PROBLEM DETAILS: Write out, from the entries below, exactly the lines that run between the lines holding "daar ben ik" and "Adjustable Basketball Hoop System Black", inclusive, and stop there.

SUPPLIED MATERIAL:
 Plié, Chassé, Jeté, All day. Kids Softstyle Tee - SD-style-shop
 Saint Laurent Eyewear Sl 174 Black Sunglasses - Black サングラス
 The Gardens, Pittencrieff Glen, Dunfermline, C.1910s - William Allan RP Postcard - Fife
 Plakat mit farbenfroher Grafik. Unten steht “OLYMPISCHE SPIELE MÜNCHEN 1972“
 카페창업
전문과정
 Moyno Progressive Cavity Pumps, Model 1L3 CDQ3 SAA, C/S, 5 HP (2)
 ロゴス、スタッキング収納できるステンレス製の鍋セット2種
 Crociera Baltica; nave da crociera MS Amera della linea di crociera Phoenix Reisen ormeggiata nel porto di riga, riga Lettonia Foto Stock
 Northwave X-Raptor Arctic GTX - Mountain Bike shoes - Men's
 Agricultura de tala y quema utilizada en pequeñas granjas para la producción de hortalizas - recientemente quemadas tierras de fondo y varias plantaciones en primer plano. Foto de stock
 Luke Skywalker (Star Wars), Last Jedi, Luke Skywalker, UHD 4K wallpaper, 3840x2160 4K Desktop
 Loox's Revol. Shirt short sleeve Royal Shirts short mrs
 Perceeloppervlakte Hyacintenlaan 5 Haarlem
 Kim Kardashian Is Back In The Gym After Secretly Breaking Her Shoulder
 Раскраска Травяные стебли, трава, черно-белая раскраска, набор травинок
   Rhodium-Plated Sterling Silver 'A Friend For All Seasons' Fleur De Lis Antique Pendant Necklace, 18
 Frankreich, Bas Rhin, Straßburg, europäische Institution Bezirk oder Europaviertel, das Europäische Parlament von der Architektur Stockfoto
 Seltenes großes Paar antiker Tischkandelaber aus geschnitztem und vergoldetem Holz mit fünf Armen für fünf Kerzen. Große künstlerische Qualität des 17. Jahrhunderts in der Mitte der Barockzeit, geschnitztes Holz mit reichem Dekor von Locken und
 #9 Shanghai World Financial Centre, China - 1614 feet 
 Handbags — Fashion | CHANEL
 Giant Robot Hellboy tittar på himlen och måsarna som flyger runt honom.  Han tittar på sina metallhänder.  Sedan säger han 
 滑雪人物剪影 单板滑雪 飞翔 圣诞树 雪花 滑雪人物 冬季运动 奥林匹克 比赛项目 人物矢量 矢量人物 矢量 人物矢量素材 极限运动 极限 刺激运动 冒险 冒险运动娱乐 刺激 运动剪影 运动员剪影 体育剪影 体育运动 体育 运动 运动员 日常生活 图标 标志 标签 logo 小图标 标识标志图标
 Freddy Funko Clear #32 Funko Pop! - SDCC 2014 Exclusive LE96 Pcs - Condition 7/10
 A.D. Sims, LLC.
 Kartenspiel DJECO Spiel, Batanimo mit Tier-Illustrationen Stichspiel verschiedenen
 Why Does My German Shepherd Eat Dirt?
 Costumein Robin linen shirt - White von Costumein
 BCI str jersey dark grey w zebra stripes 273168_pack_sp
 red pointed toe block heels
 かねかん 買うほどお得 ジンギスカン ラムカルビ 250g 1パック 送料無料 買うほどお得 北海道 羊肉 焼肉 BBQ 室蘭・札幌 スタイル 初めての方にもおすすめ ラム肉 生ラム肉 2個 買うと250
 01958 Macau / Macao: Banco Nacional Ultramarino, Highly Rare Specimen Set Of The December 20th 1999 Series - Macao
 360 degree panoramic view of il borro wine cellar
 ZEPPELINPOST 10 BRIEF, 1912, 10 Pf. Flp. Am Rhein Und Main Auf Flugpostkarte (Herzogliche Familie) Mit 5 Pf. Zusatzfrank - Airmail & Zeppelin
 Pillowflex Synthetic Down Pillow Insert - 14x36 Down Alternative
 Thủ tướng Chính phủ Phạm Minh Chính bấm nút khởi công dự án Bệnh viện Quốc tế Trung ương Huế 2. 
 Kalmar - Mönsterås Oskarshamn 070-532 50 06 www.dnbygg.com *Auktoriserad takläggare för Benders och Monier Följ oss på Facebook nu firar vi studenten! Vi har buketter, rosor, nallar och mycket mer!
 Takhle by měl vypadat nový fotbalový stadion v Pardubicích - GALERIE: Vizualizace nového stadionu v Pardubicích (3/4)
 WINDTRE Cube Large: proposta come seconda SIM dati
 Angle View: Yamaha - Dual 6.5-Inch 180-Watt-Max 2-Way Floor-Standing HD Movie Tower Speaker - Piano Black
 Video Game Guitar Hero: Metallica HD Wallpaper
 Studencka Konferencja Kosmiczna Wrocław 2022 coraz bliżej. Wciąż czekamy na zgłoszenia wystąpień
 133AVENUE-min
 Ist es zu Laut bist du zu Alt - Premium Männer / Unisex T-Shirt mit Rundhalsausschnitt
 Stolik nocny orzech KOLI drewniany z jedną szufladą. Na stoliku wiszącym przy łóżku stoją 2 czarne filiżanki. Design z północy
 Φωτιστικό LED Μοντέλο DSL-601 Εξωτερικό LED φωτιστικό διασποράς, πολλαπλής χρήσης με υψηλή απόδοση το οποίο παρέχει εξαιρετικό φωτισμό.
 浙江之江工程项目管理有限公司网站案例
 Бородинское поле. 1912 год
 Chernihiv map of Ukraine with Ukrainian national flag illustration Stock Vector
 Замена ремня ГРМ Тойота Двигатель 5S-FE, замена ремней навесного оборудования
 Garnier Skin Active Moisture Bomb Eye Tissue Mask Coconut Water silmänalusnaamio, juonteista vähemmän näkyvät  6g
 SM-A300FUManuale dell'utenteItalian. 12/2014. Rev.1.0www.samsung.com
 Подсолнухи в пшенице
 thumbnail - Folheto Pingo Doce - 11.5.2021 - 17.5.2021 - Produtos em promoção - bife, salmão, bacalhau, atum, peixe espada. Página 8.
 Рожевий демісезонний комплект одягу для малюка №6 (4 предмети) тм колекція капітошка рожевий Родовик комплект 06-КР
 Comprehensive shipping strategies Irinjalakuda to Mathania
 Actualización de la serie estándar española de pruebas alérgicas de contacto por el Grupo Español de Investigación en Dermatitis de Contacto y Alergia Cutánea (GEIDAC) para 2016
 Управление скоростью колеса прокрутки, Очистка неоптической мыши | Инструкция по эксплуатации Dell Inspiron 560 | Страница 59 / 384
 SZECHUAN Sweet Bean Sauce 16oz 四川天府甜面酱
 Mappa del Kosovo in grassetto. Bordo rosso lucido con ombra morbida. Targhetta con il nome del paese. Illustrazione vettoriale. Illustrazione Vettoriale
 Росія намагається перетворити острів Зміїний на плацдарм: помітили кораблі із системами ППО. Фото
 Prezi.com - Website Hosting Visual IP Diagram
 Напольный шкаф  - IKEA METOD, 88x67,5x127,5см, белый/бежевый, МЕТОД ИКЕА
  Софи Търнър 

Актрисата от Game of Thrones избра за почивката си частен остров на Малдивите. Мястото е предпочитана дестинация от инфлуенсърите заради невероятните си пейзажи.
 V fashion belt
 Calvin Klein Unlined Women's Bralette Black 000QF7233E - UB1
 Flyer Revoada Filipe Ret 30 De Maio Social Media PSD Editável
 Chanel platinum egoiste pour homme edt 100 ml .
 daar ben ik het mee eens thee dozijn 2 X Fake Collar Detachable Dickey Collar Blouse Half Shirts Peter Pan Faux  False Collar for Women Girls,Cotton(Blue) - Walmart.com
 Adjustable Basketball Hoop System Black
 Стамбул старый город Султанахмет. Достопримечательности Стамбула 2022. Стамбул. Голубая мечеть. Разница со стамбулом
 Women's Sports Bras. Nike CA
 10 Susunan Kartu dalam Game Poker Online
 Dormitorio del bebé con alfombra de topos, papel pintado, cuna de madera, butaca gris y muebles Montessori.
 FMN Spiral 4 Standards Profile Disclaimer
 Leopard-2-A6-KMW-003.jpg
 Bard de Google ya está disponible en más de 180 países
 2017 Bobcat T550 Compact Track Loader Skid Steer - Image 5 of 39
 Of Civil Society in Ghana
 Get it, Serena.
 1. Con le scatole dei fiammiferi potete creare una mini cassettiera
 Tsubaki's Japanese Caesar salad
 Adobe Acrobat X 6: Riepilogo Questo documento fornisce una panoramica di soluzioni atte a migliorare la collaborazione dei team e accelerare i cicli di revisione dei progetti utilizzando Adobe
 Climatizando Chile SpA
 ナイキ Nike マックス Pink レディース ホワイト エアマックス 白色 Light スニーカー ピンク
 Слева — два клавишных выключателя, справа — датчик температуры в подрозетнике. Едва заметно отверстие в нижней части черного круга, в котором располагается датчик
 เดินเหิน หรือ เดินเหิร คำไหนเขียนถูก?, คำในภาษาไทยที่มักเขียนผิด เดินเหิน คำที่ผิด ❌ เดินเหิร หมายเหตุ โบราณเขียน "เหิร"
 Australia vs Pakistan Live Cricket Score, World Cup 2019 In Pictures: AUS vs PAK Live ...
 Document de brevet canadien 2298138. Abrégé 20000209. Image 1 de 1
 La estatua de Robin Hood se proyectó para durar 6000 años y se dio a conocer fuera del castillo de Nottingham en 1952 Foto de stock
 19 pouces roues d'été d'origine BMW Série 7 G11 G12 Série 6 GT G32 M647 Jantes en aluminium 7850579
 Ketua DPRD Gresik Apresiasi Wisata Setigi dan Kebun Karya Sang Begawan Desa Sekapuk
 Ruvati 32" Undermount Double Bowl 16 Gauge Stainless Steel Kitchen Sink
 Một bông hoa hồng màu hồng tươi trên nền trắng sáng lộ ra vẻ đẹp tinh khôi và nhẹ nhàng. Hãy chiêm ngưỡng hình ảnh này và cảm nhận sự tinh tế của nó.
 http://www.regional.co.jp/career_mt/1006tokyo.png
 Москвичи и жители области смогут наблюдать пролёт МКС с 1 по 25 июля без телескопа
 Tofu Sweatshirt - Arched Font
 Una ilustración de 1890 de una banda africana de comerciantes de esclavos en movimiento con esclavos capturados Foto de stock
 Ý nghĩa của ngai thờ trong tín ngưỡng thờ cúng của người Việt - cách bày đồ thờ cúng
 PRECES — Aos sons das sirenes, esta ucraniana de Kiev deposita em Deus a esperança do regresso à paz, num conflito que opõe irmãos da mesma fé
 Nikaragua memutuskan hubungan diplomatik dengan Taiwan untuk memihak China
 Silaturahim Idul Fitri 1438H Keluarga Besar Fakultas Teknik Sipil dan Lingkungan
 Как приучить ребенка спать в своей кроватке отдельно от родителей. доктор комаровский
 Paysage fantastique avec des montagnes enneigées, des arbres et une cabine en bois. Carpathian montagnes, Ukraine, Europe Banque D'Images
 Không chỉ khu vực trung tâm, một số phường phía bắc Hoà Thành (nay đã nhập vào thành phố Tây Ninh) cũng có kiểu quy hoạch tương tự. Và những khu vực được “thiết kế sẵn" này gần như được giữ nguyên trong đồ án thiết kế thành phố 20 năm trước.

RESPONSE AREA:
 daar ben ik het mee eens thee dozijn 2 X Fake Collar Detachable Dickey Collar Blouse Half Shirts Peter Pan Faux  False Collar for Women Girls,Cotton(Blue) - Walmart.com
 Adjustable Basketball Hoop System Black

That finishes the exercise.